Pausing in the Doorway

In the window at the Donut Den in Medford, Oregon
I reflect with the vacant, yellow stools,
the slick Formica tables, not a crumb,
and look out through my face to the darkened parking lot.
A guy sits on the bus bench mumbling in the cold
alone in this town that must be America.
Some glazed-looking neighbors just off a swing-shift
wander past the Bargain Mart.
Let’s save for the good life!
My wrinkles stand out in the light
of my fiery heart, reprimanding,
you have doubted your worth for years,
concealing your scars, knowing
that other women with bellies
and blue-veined thighs hide their lives
in a similar disguise. Citizens in the land of freedom!

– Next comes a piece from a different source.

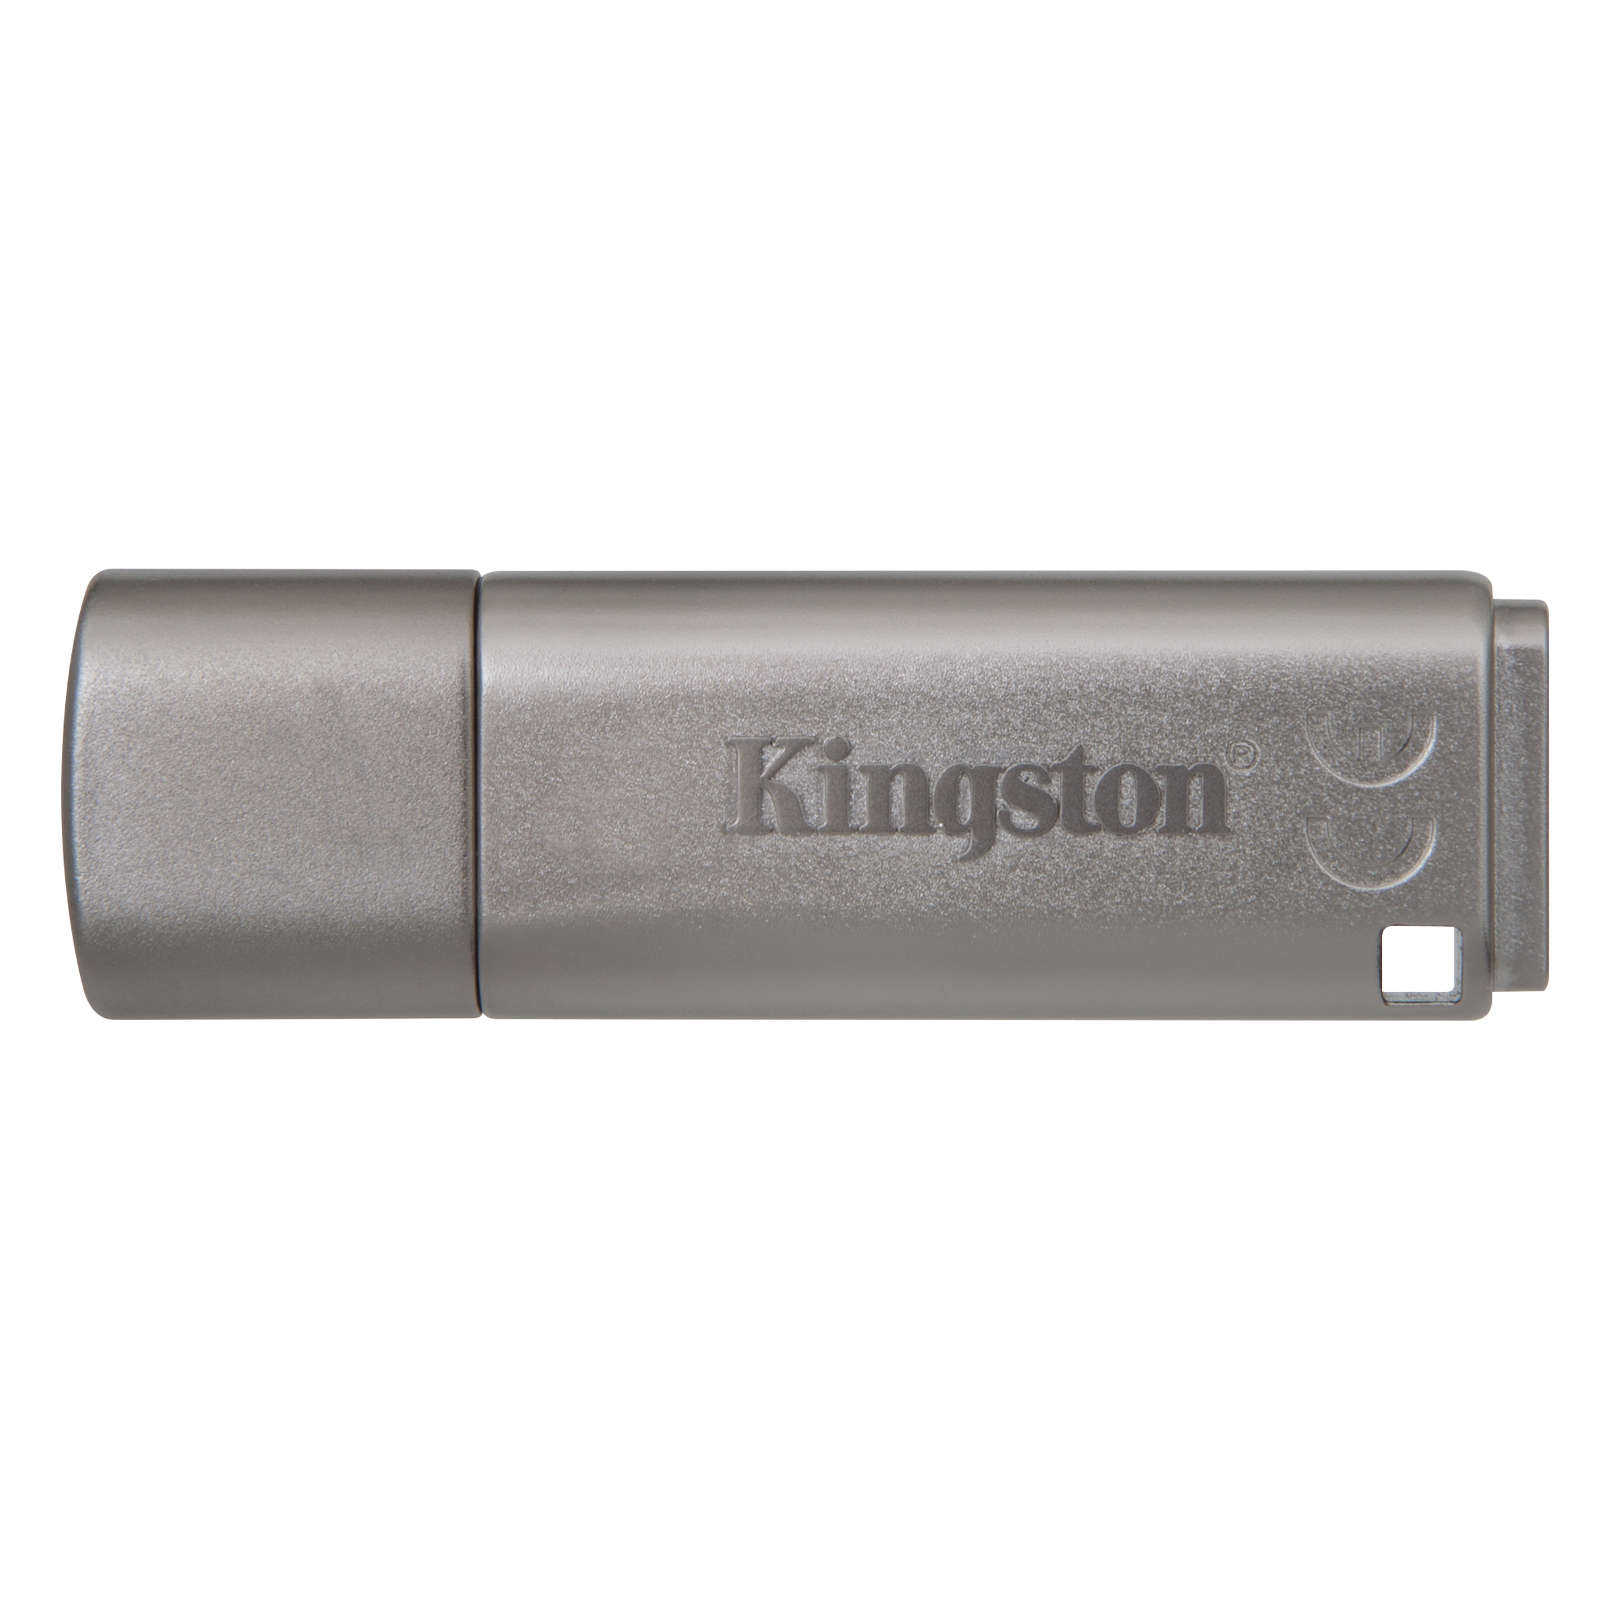 Clé USB Kingston DataTraveler Locker+ G3 - 64 Go Clé USB sécurisé 64 Go USB 3.0 (garantie constructeur 5 ans)

I refuse to paint my eyes. My lips are the color of flesh,
I am shaped like the earth, my hands
lined like a map that leads to death.
If I am not beautiful it is because
I do not think so,
my poverty caused by the lack
of what I think I want and do not have.
Someday the power of love may walk me home
where my life has stood like a mannequin,
stripped down. I did not mean to be alone.
It slowly surrounded me like the sound of a radio
left on all night, cheating my sleep.
The news is the same each day, unyielding.
I say this way makes life easier
but the beloved waits, dormant in my heart.
Full of hunger, familiar with the diversion of Safeway
I have gone to stroll the aisles, a tourist
filling my bag like an eager mouth.
Pains lives in the dark of this hole, we cover it
quick as a burial. Sincere as prayer, I swear to God,
if you were my neighbor I’d ask you to dinner,
then wonder, if god is my nature this must be my heaven.
Tonight I saw the dark like a light blown out,
a cover to crawl under where I fell, undone.
I knew I needed someone. My dreams
have been hidden as stones deep in the ground.
I walk on the land of promise, head down,
staring at stains on the pavement
while the sky opens wide, facing dawn.
Coming up the moon is a dime shining on asphalt
in the rain. Coming over, that poor man takes the dime
into his flat pocket. Coming to this place I have woken up.
Seeing through my face aging on the glass
I know this is it. This is the choice
to live or watch through the window,
the color of my cheeks there, faint as a tear,
the ghost of my reflection now moving out toward the street
where I am filled with the breath of the world.
Pausing in the doorway I am like everyone, familiar
with isolation, nervous, but certain that we are not strangers
I raise my head to look you in the eye.